REQUIRED ACTION: In your copy of the listing below, reproduce each word exactly and include no pictures.

INFORMATION SHOWN:
========================

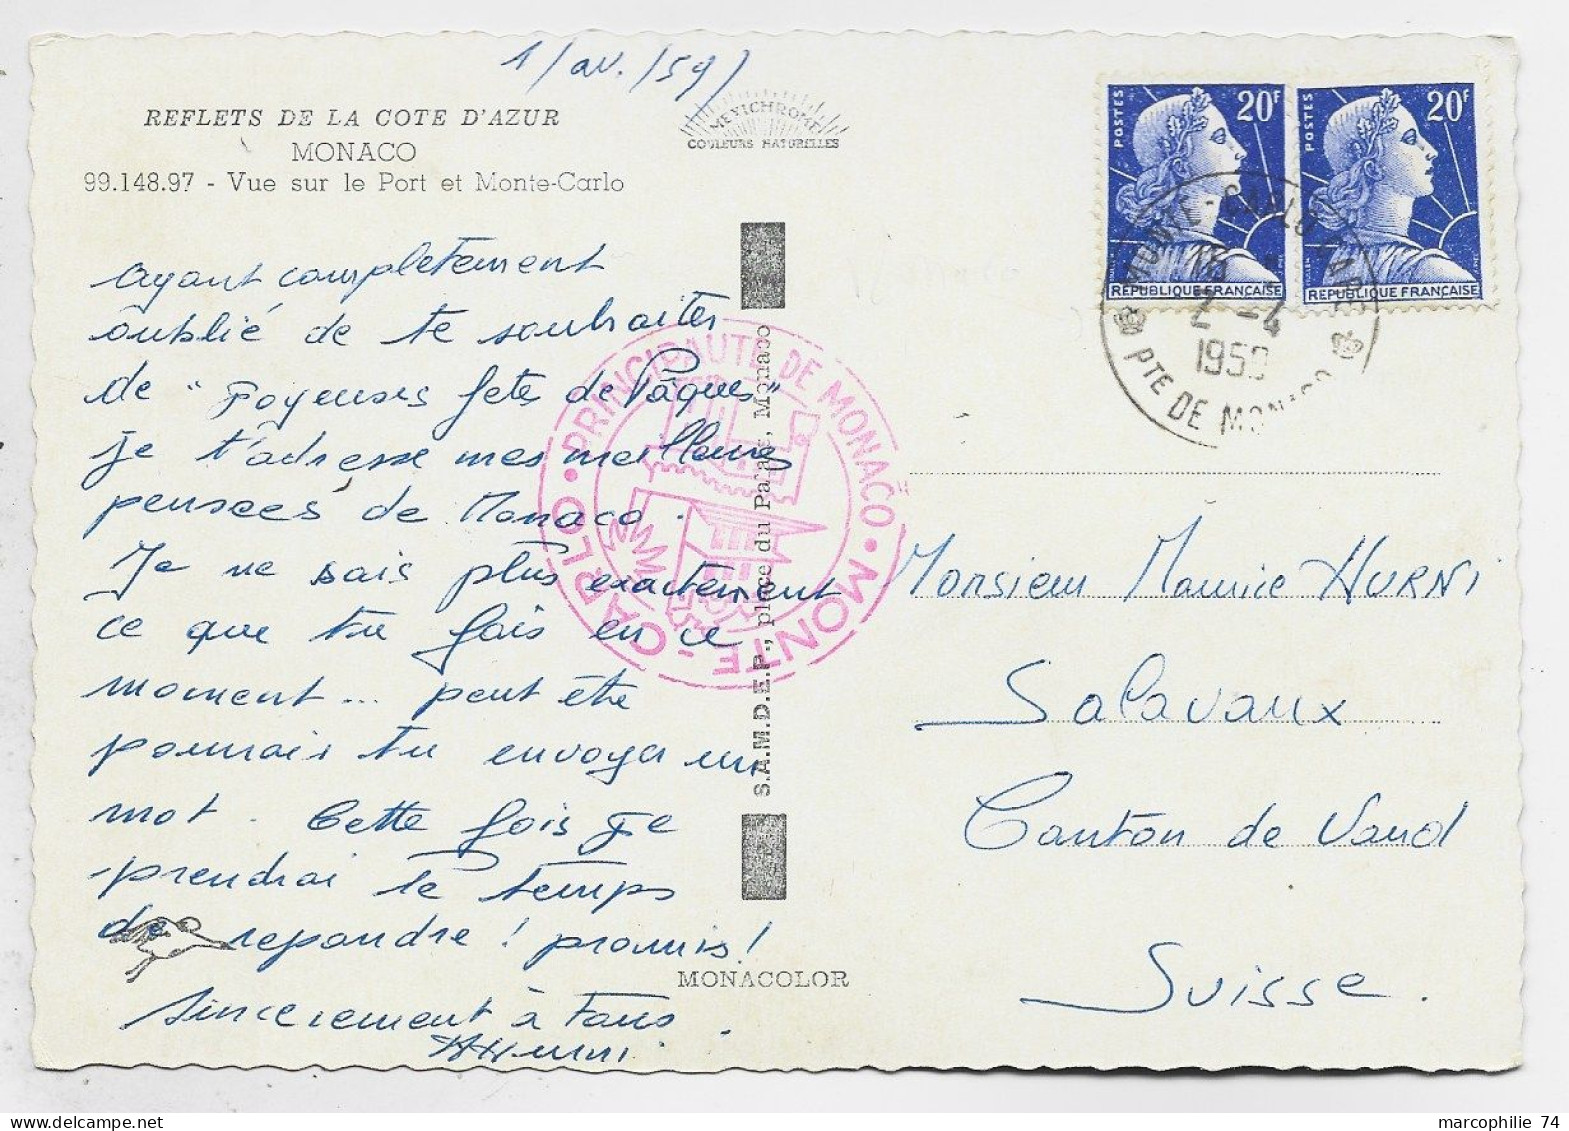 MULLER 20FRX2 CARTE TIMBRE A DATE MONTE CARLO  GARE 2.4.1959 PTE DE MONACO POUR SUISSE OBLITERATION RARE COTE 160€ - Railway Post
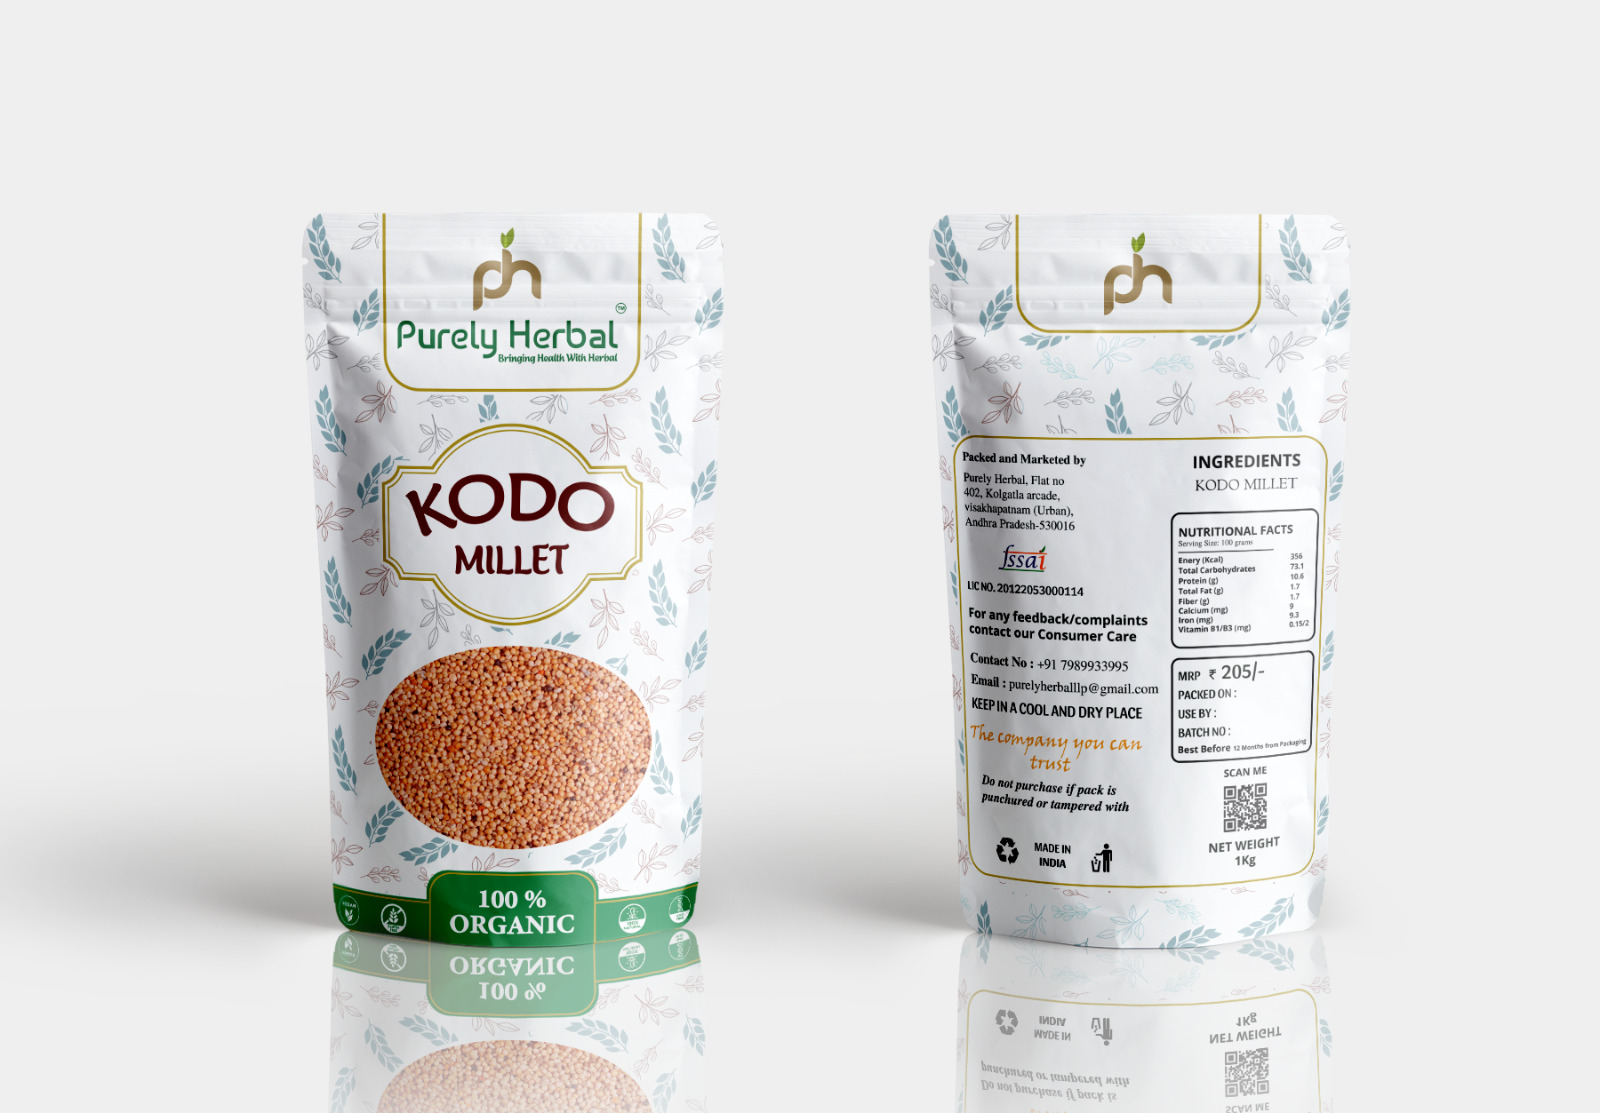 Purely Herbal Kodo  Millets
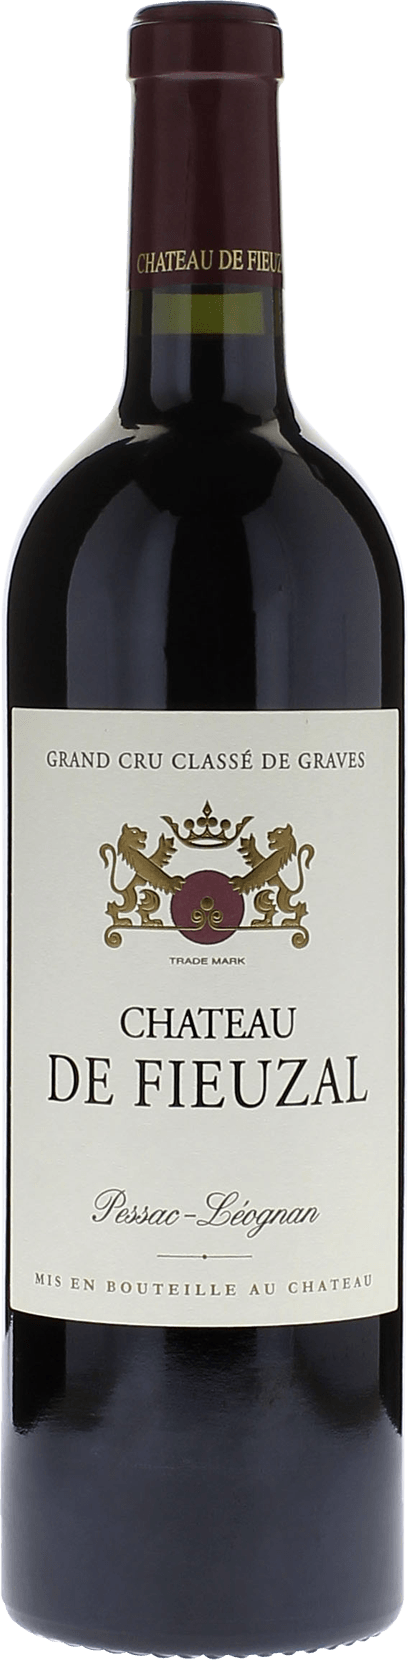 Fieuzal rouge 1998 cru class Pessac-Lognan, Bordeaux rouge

========================

RESPONSE AREA:
 MULLER 20FRX2 CARTE TIMBRE A DATE MONTE CARLO  GARE 2.4.1959 PTE DE MONACO POUR SUISSE OBLITERATION RARE COTE 160€ - Railway Post
 Purely Herbal Kodo  Millets
 Fieuzal rouge 1998 cru class Pessac-Lognan, Bordeaux rouge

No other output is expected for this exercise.